== Information shown ==
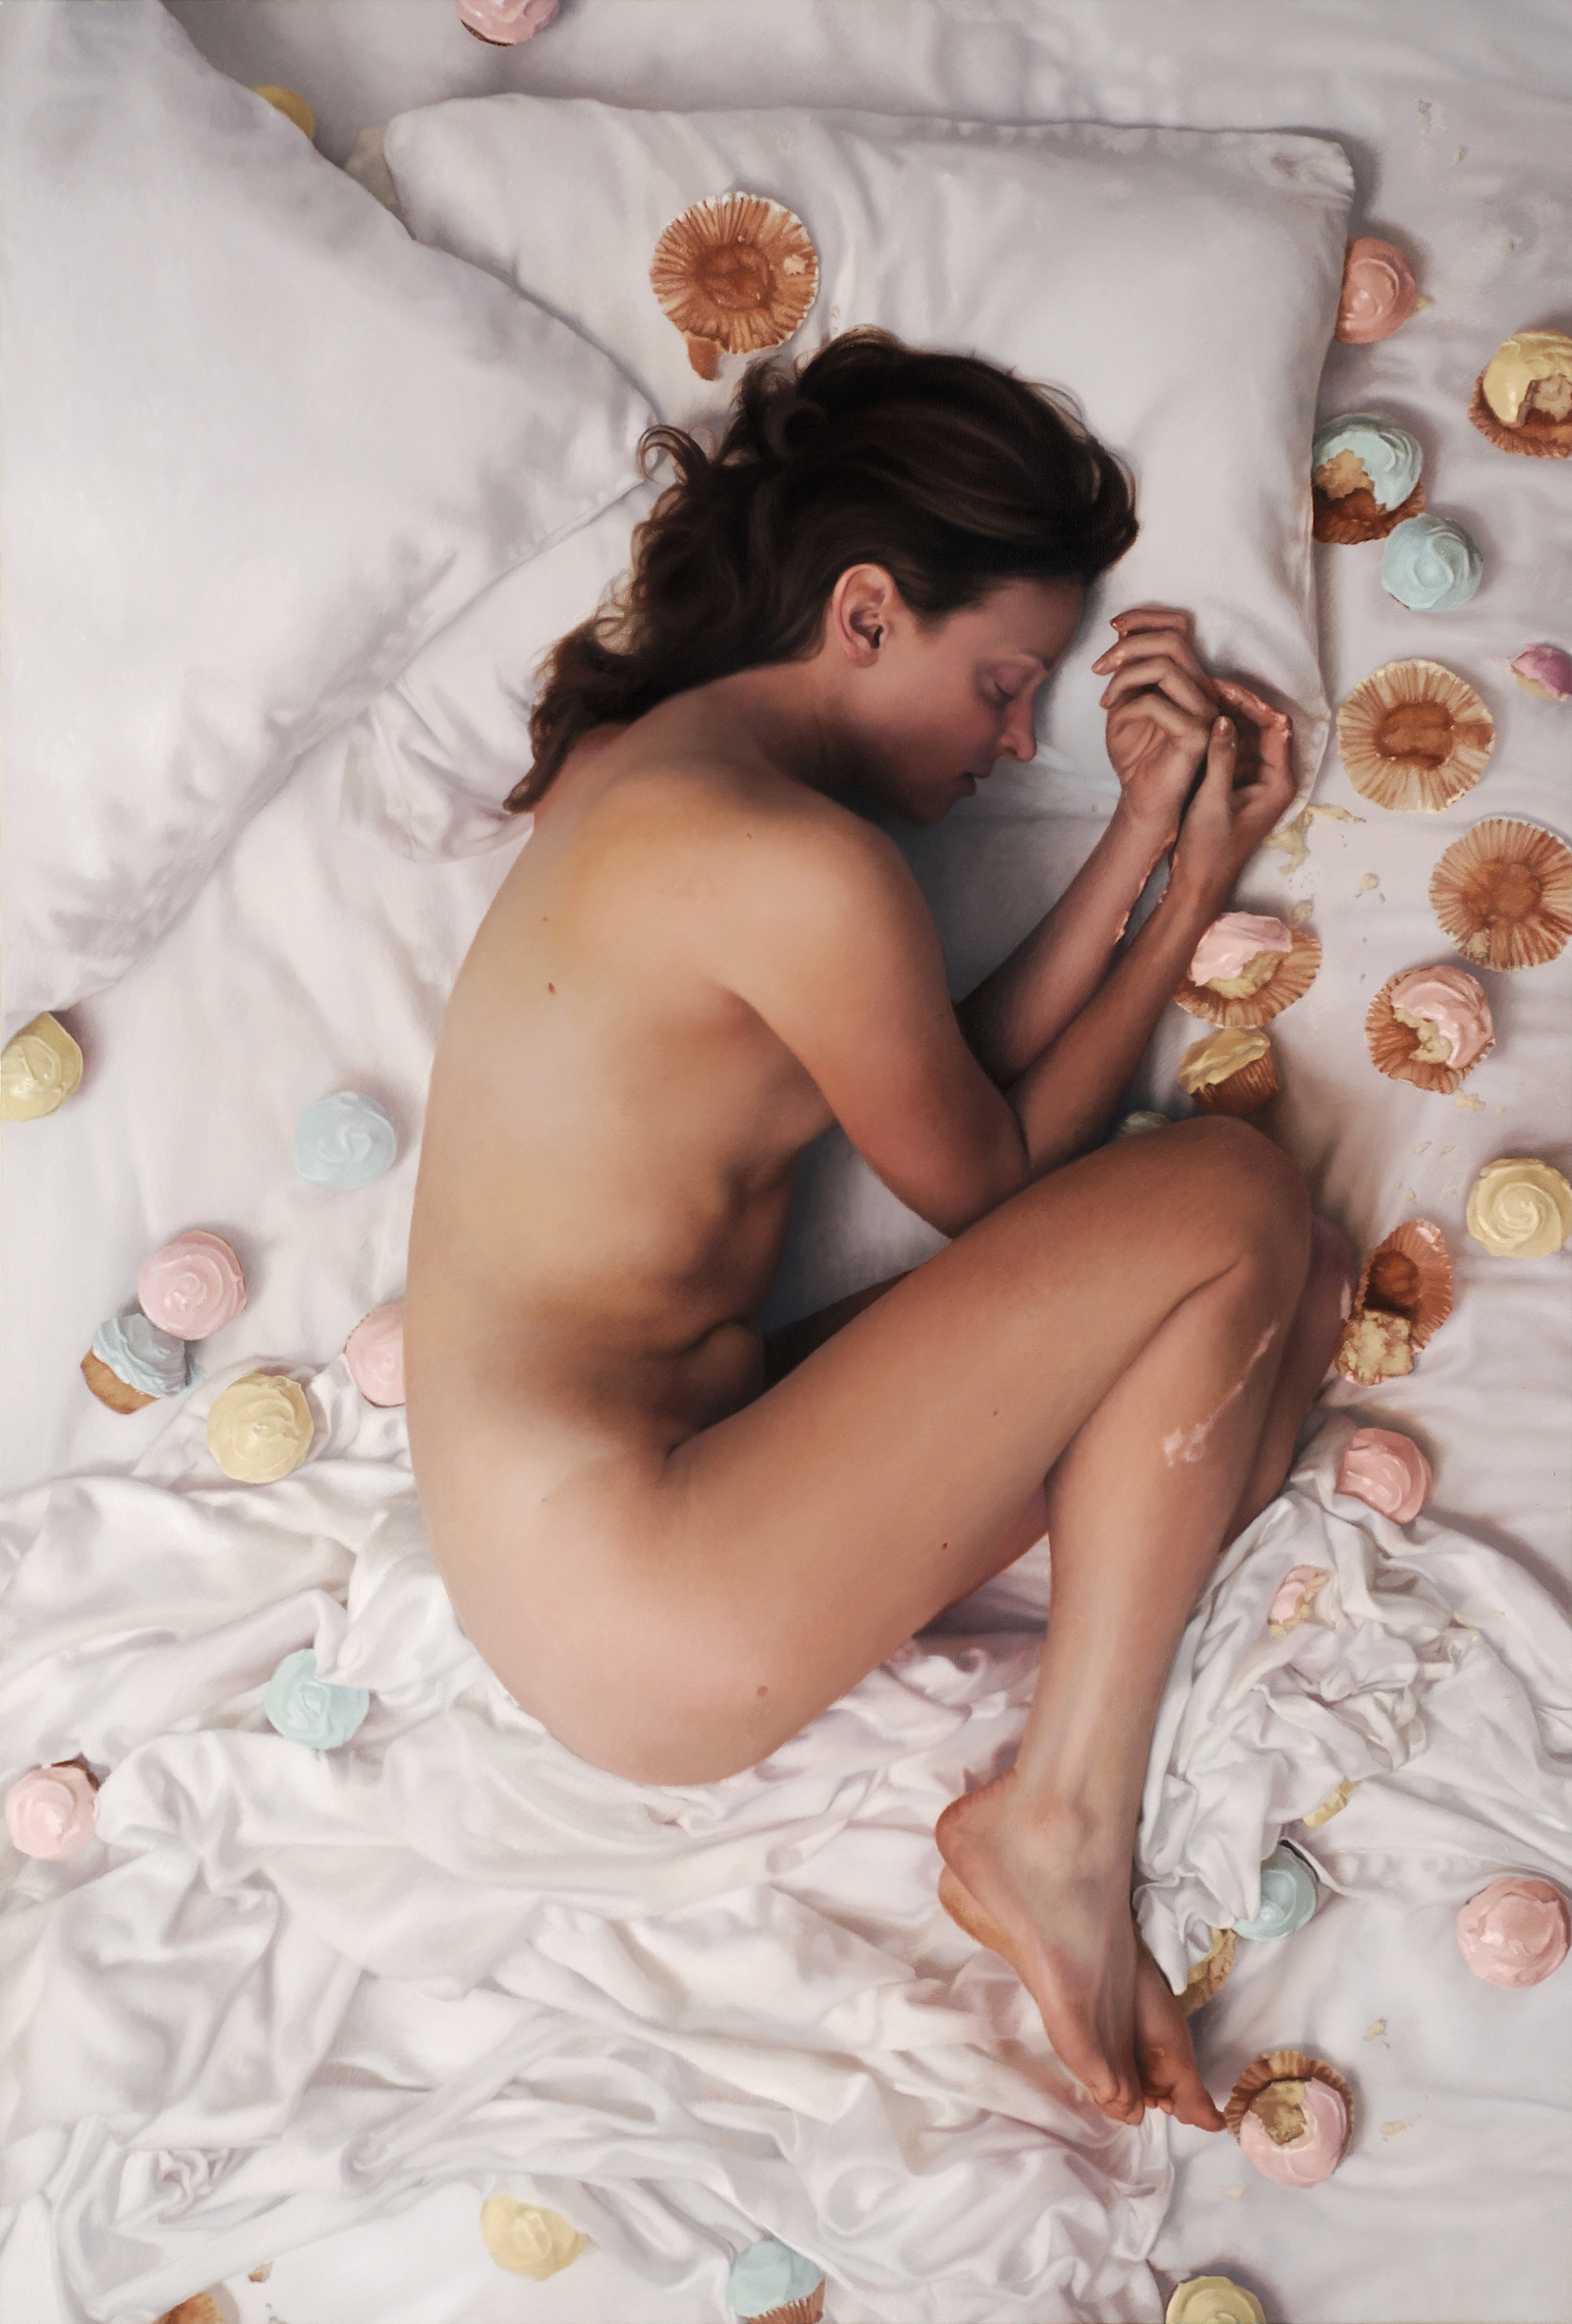 """Asleep,  2008  Oil on Linen  56"""" x 38"""""""
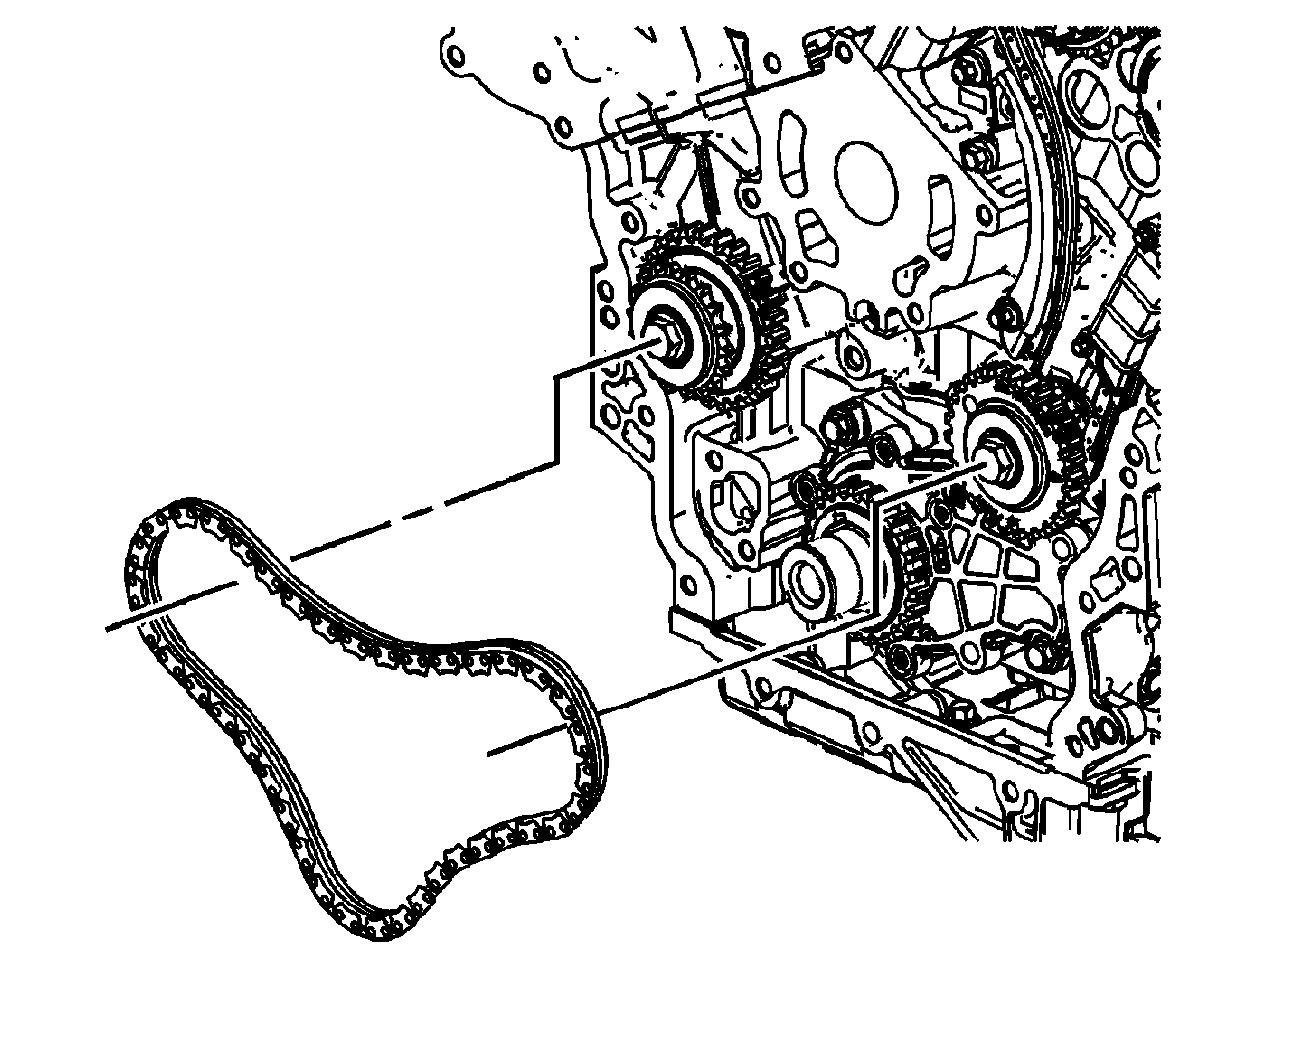 Vt 4200 2008 Suzuki Forenza Engine Diagram Wiring Diagram
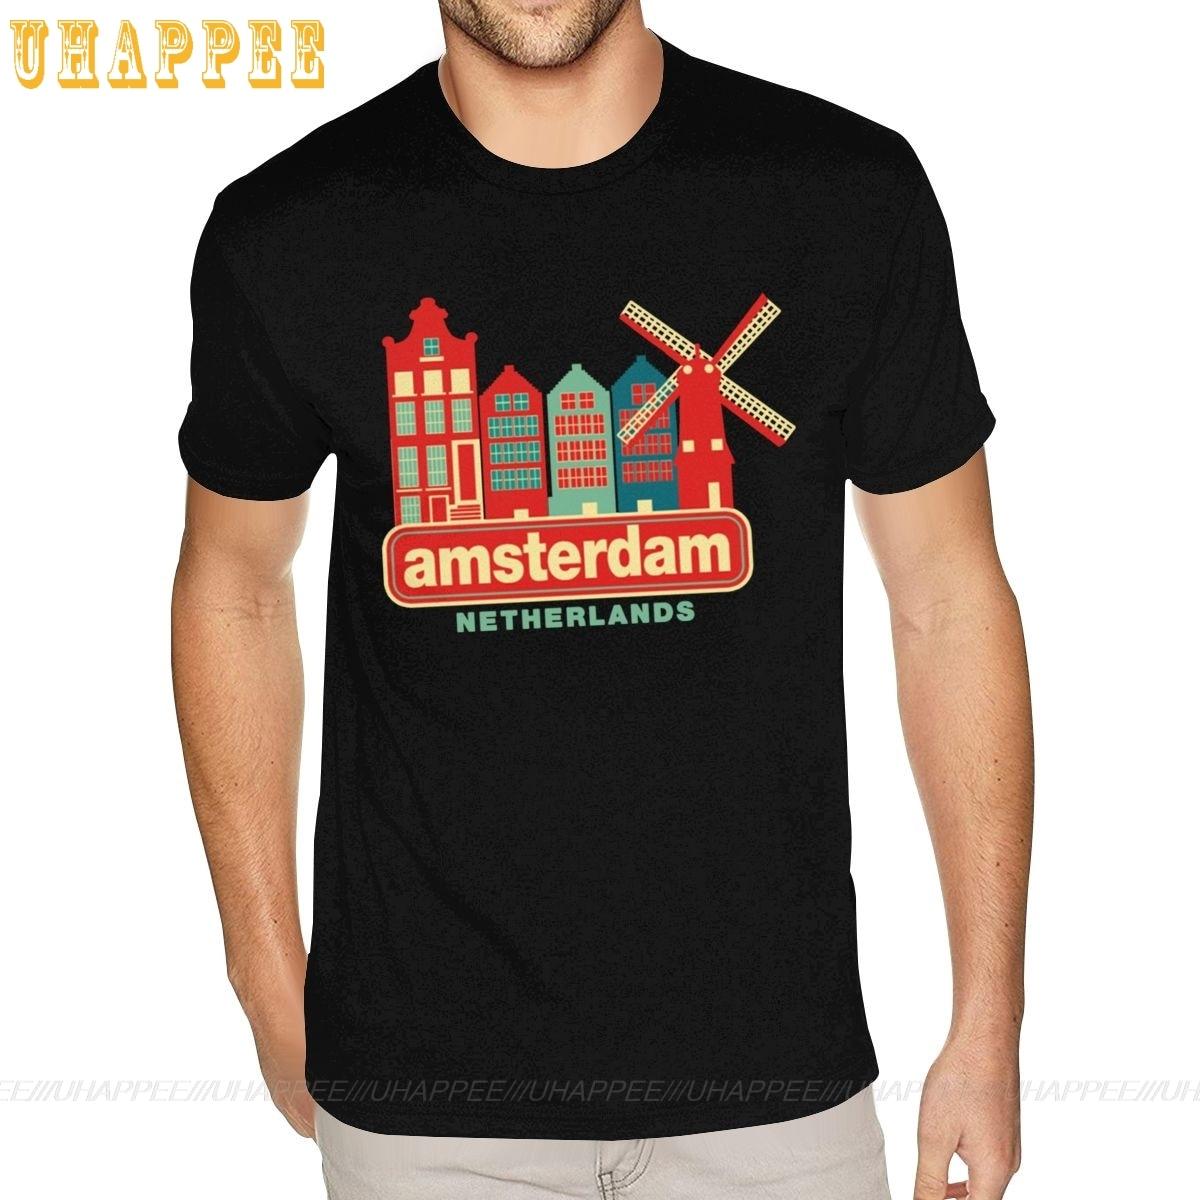 Vintage Amsterdam Países Bajos algodón S-6XL para hombres camisetas únicas

== Exercise directions ==
Return the listing unchanged, but drop every picture.

== Reply ==
 """Asleep,  2008  Oil on Linen  56"""" x 38"""""""
 Vt 4200 2008 Suzuki Forenza Engine Diagram Wiring Diagram
 Vintage Amsterdam Países Bajos algodón S-6XL para hombres camisetas únicas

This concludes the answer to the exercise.